• [Data below]:

------------

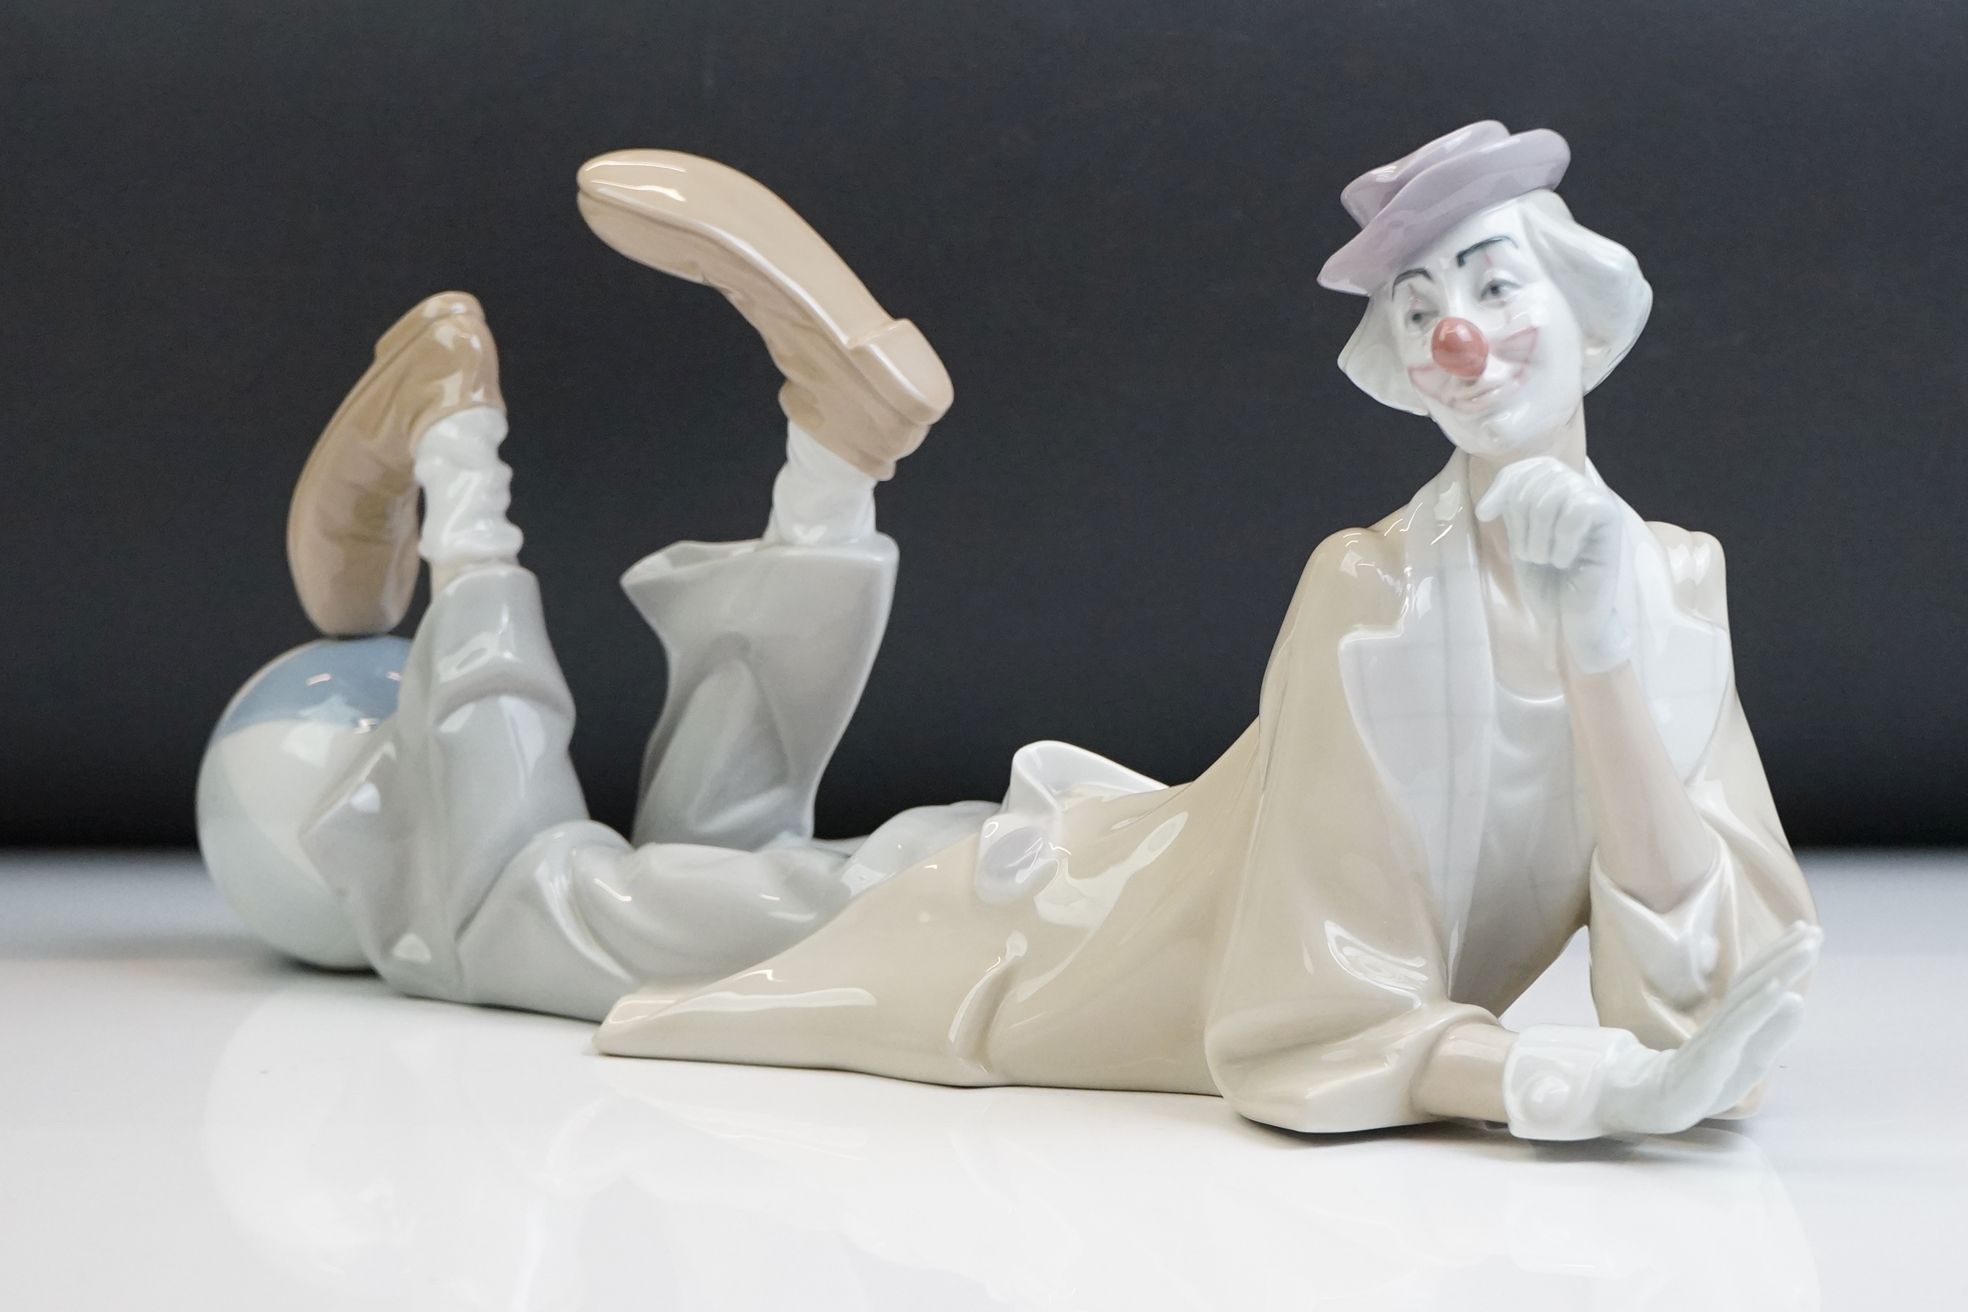 Lladro Reclining Clown porcelain figure, model no. 4618, gloss finish, approx 36.5cm long
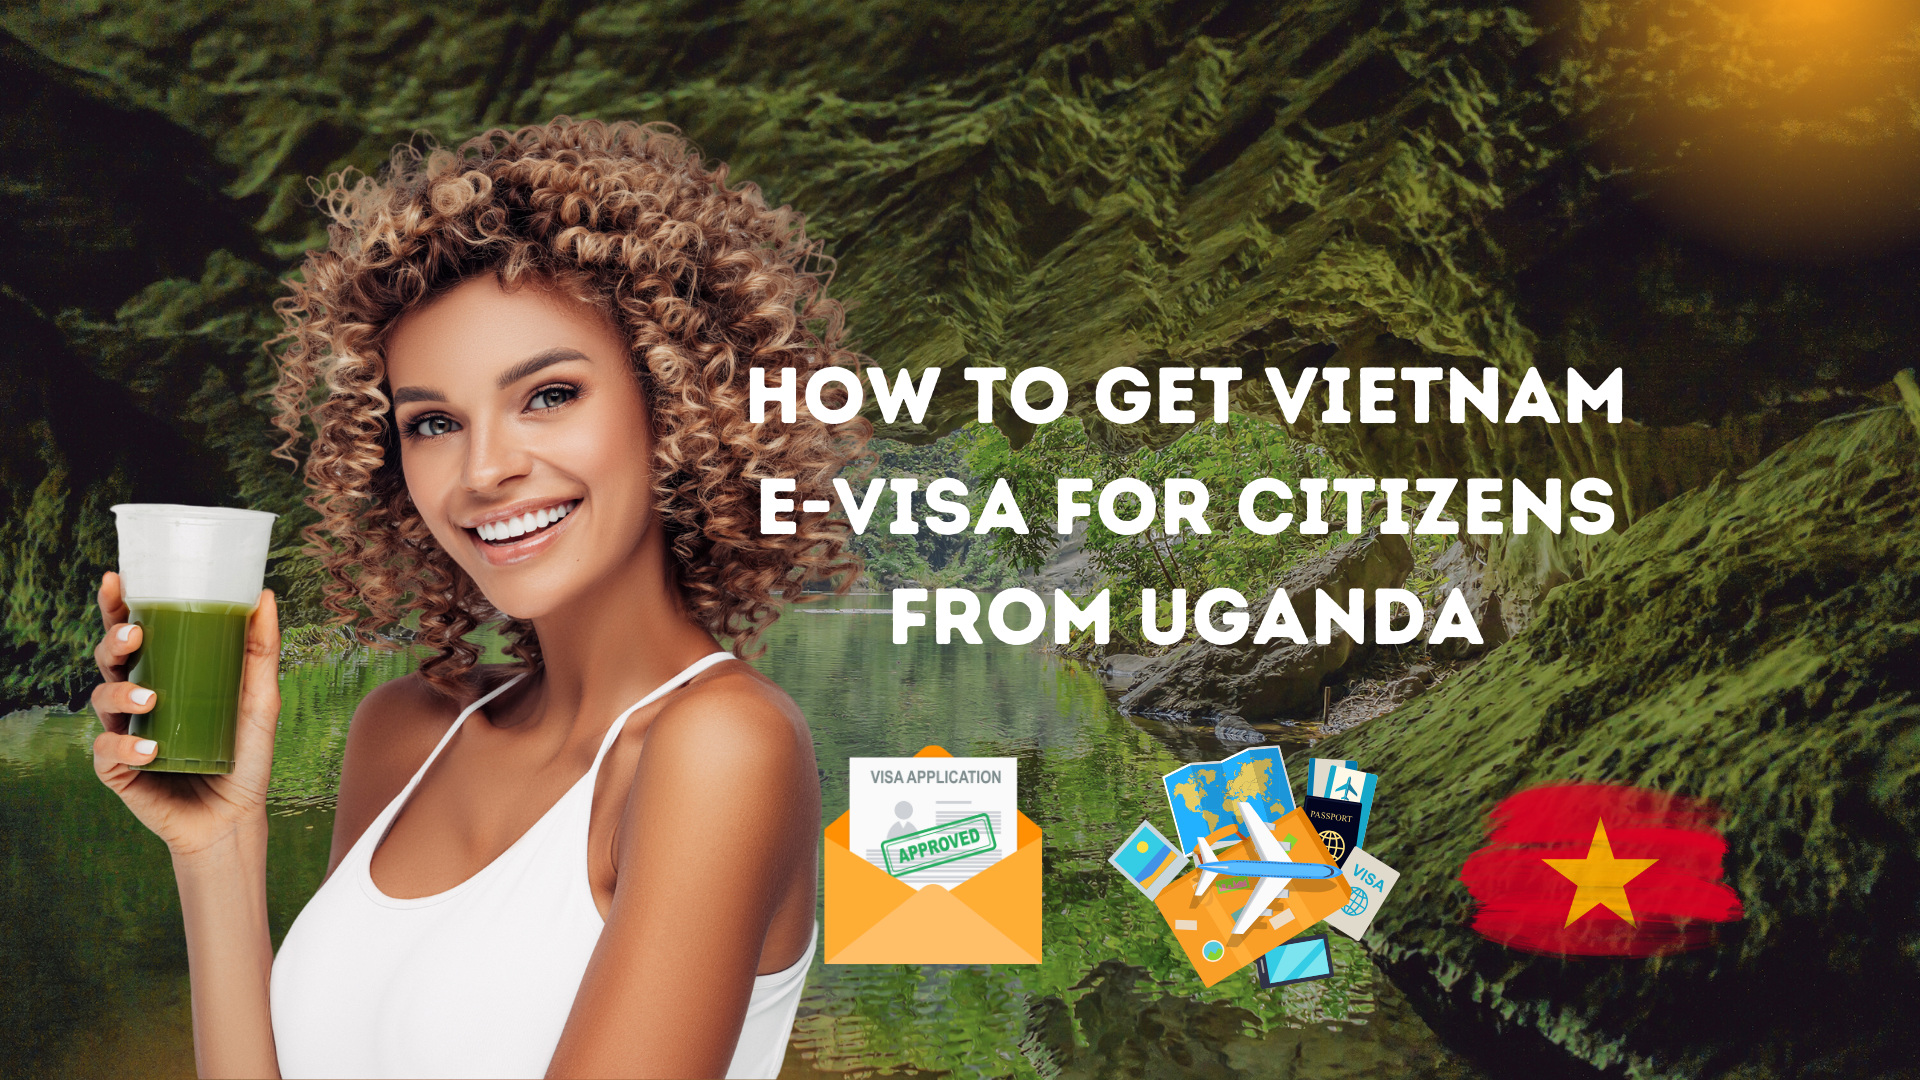 Vietnam Evisa for Citizens from Uganda
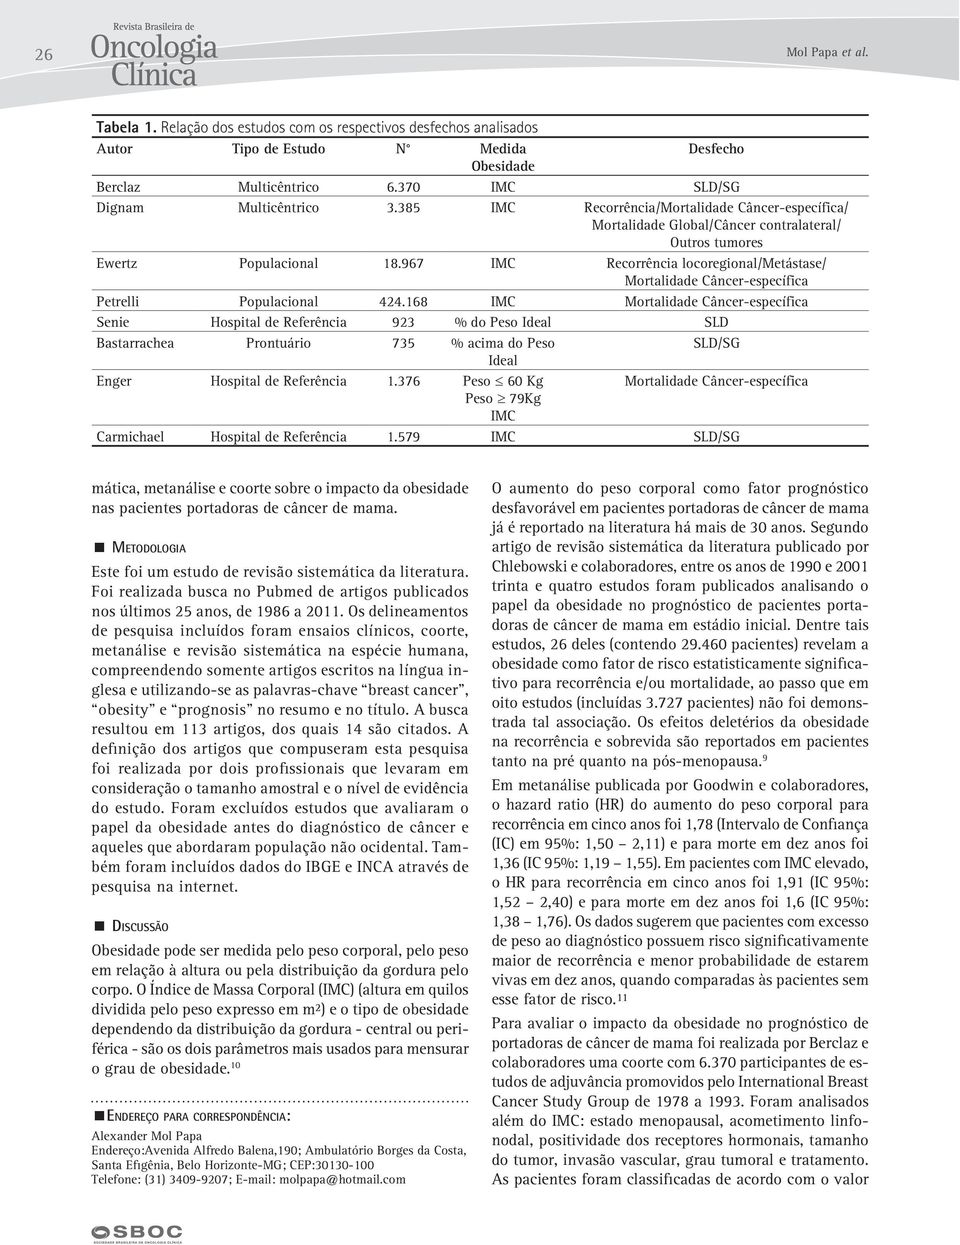 967 IMC Recorrência locoregional/metástase/ Mortalidade Câncer-específica Petrelli Populacional 424.
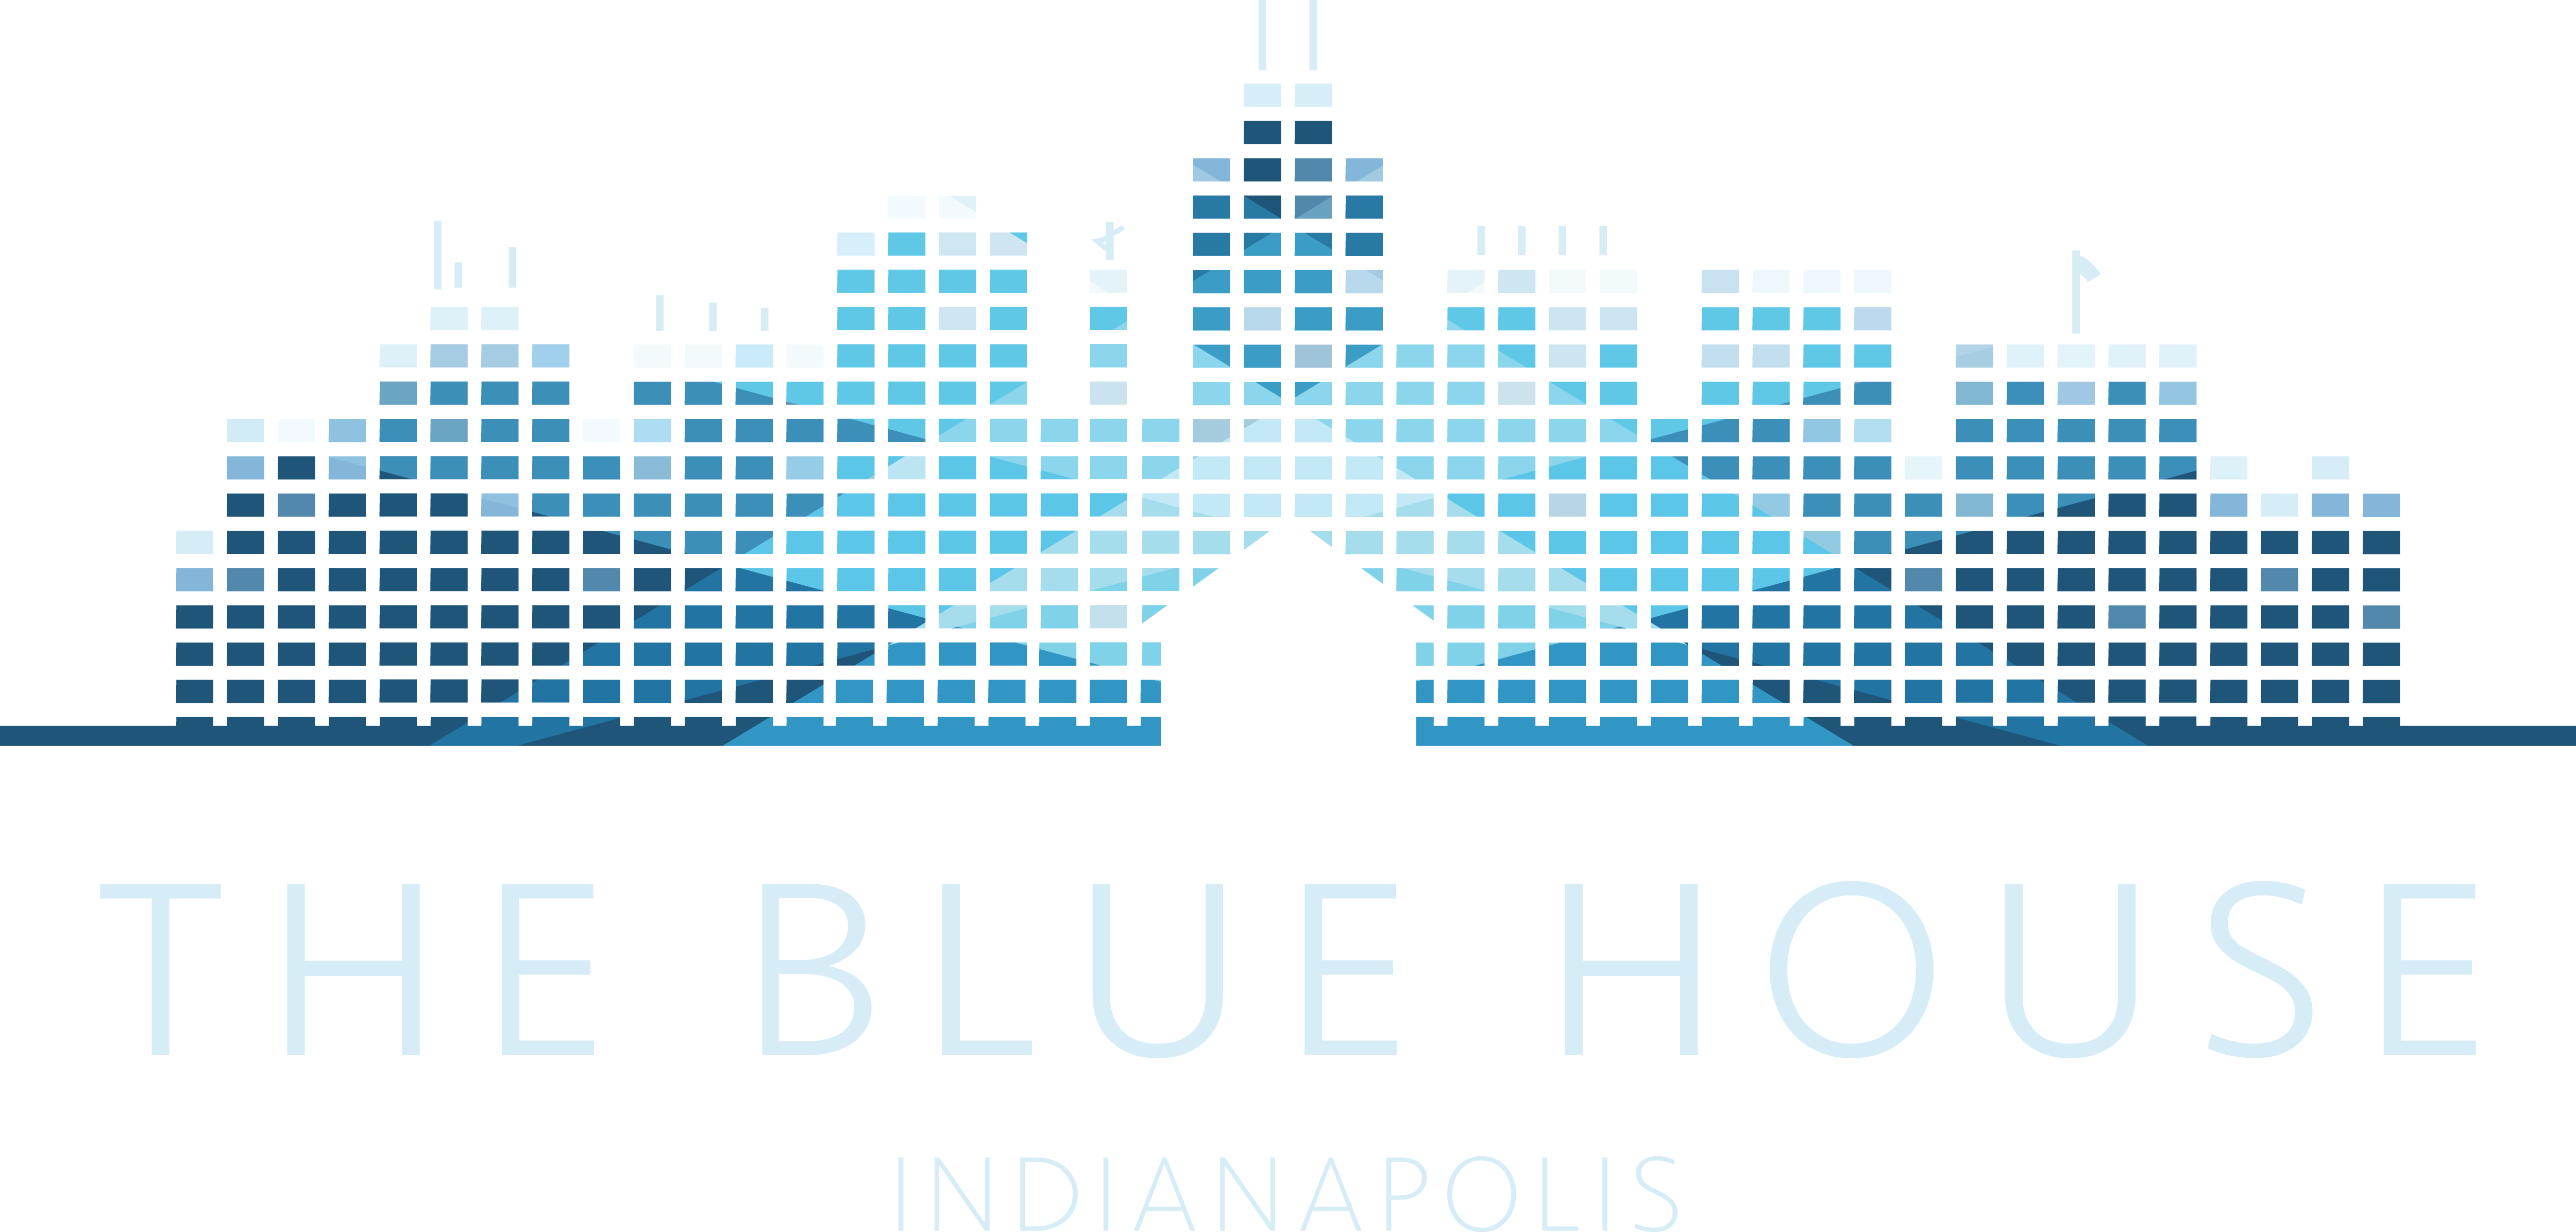 Blue House Logo - The Blue House. Where entrepreneurship, art, and technology meet

------------

• [How to complete this task]: Without altering anything, output all the lines above but none of the images.

• [Exercise output]:
 Lladro Reclining Clown porcelain figure, model no. 4618, gloss finish, approx 36.5cm long
 Vietnam Evisa for Citizens from Uganda
 967 IMC Recorrência locoregional/metástase/ Mortalidade Câncer-específica Petrelli Populacional 424.
 Blue House Logo - The Blue House. Where entrepreneurship, art, and technology meet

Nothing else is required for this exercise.